Accept writes a row to case_meta_overrides and immediately re-merges the override into CASE_META so the validator re-runs. Accepted overrides appear in the Overrides table directly under the dev panel. Each row has a Revert action that deletes the override and restores the original value — the UI updates optimistically and rolls back if the server rejects the request.

4. Bulk actions

For sweeps across many cases, tick the row checkboxes in the Overrides table and use Bulk revert to remove a batch in a single database round-trip. The audit trail records one entry per affected override so the history stays granular even when the action was bulk.

5. Audit trail

Every accept and revert is appended to case_meta_override_audit with the actor, timestamp, action, previous value, new value, and the AI model + rationale (when the action originated from a suggestion). The Audit history panel below the Overrides table renders the chronological log so you can answer "who changed this field, when, and why" long after the fact. Audit rows are user-scoped via RLS and cannot be edited or deleted.

Exporting invalid items

The dev panel above lists every case-meta validation issue detected at build time. Two scope-aware dropdowns at the top of the panel — Export CSV and Export JSON — let you download the currently filtered list of invalid items for offline review or for attaching to a bug report.

Filter and sort awareness

Exports follow the panel's active filter and the on-screen sort order exactly.
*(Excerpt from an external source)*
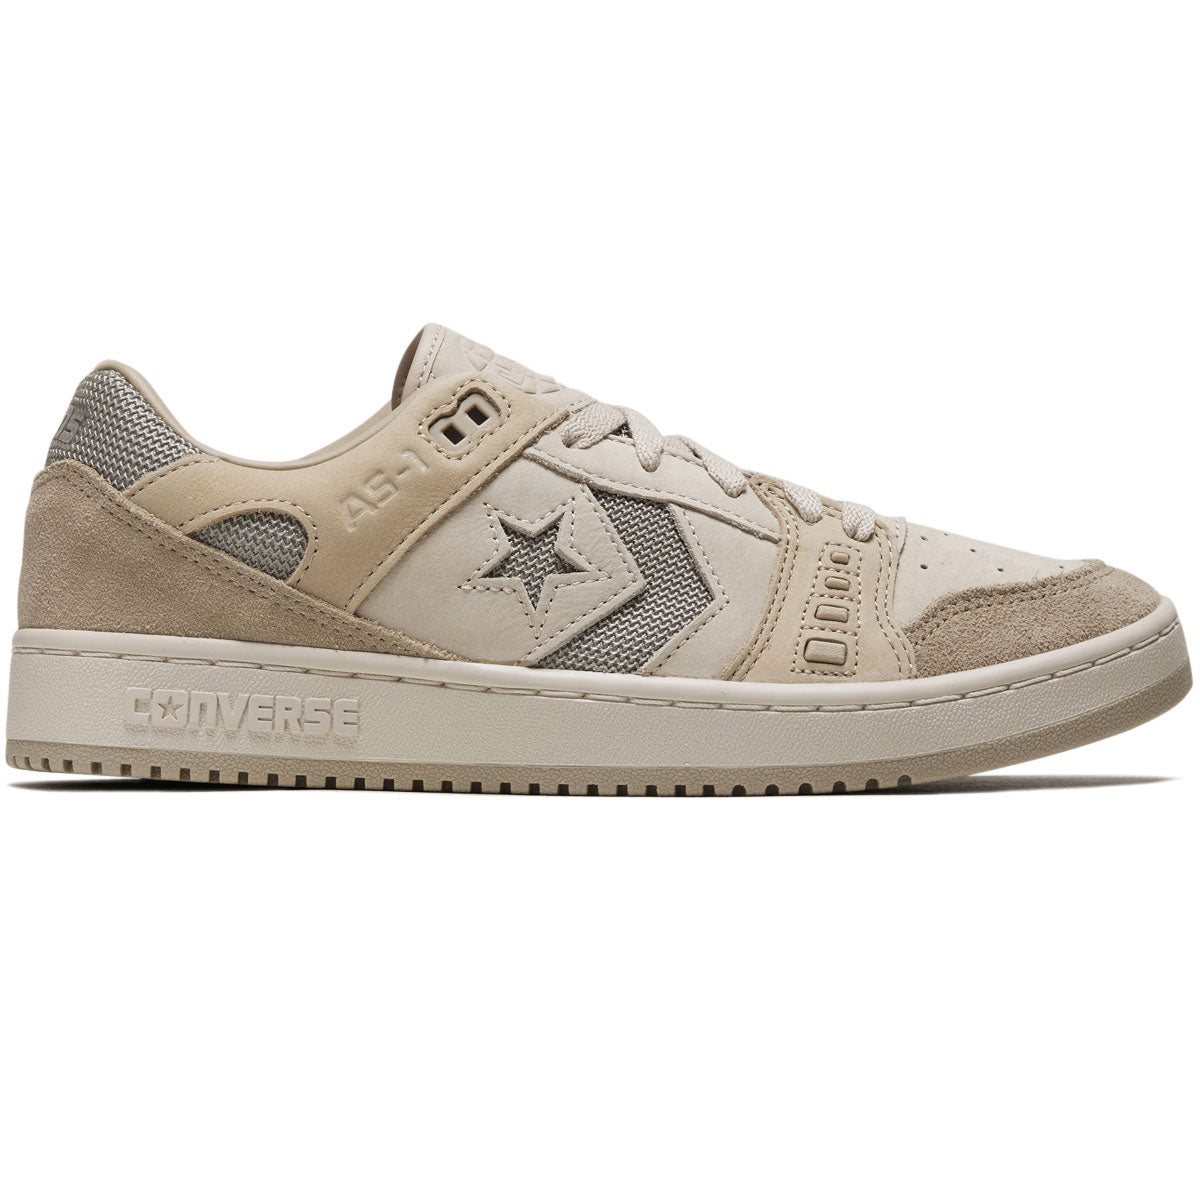 Converse AS-1 Pro Shoes - Shifting Sand/Warm Sand image 1

A display_order column is included in every row so you can trace any line in the export back to its position in the panel, even after re-sorting or re-filtering.

Choosing a scope

Each dropdown offers three scopes. Counts shown next to each option are live, and an option is disabled when its bucket is empty:

  • All — every issue in the current filter.
  • Errors only — rows where a required field is missing.
  • Warnings only — rows where a field is present but its format is invalid.

The severity column reflects this distinction: error for missing fields, warning for invalid formats.

Preview before download

Choosing a scope opens a preview modal instead of downloading immediately:

  • CSV preview — a table of up to the first 50 rows showing case_key, severity, field, and message, plus the total row count and the active filter.
  • JSON preview — the full payload rendered in a code block so you can inspect the exact structure before saving.

Both modals expose Download and Cancel buttons, and Esc dismisses the preview without downloading.

CSV column schema

ColumnTypeDescription
display_orderintegerPosition in the on-screen list (preserves the current sort).
case_keystringIdentifier of the case the issue belongs to.
severityerror | warningerror = missing field, warning = invalid format.
problem_typemissing | invalidSame distinction in machine-friendly form.
fieldstringName of the offending meta field.
messagestringHuman-readable validation message (empty for missing).

JSON shape

The JSON export mirrors the CSV: an array of objects with the same six keys per row, in the same order as the on-screen list.

Worked examples

CSV:

display_order,case_key,severity,problem_type,field,message
1,case14,error,missing,prompt_version,
2,case14,warning,invalid,random_seed,"random_seed must be an integer"

JSON:

[
  { "display_order": 1, "case_key": "case14", "severity": "error",
    "problem_type": "missing", "field": "prompt_version", "message": "" },
  { "display_order": 2, "case_key": "case14", "severity": "warning",
    "problem_type": "invalid", "field": "random_seed",
    "message": "random_seed must be an integer" }
]

GridArena ships three built-in IEEE-style transmission benchmarks case5, case14, and case30. They are simplified, deterministic versions of well-known reference networks, embedded directly in the codebase (src/server/simulation/cases.ts) so the in-Worker DC power flow and the optional PyPSA microservice produce reproducible results without external downloads.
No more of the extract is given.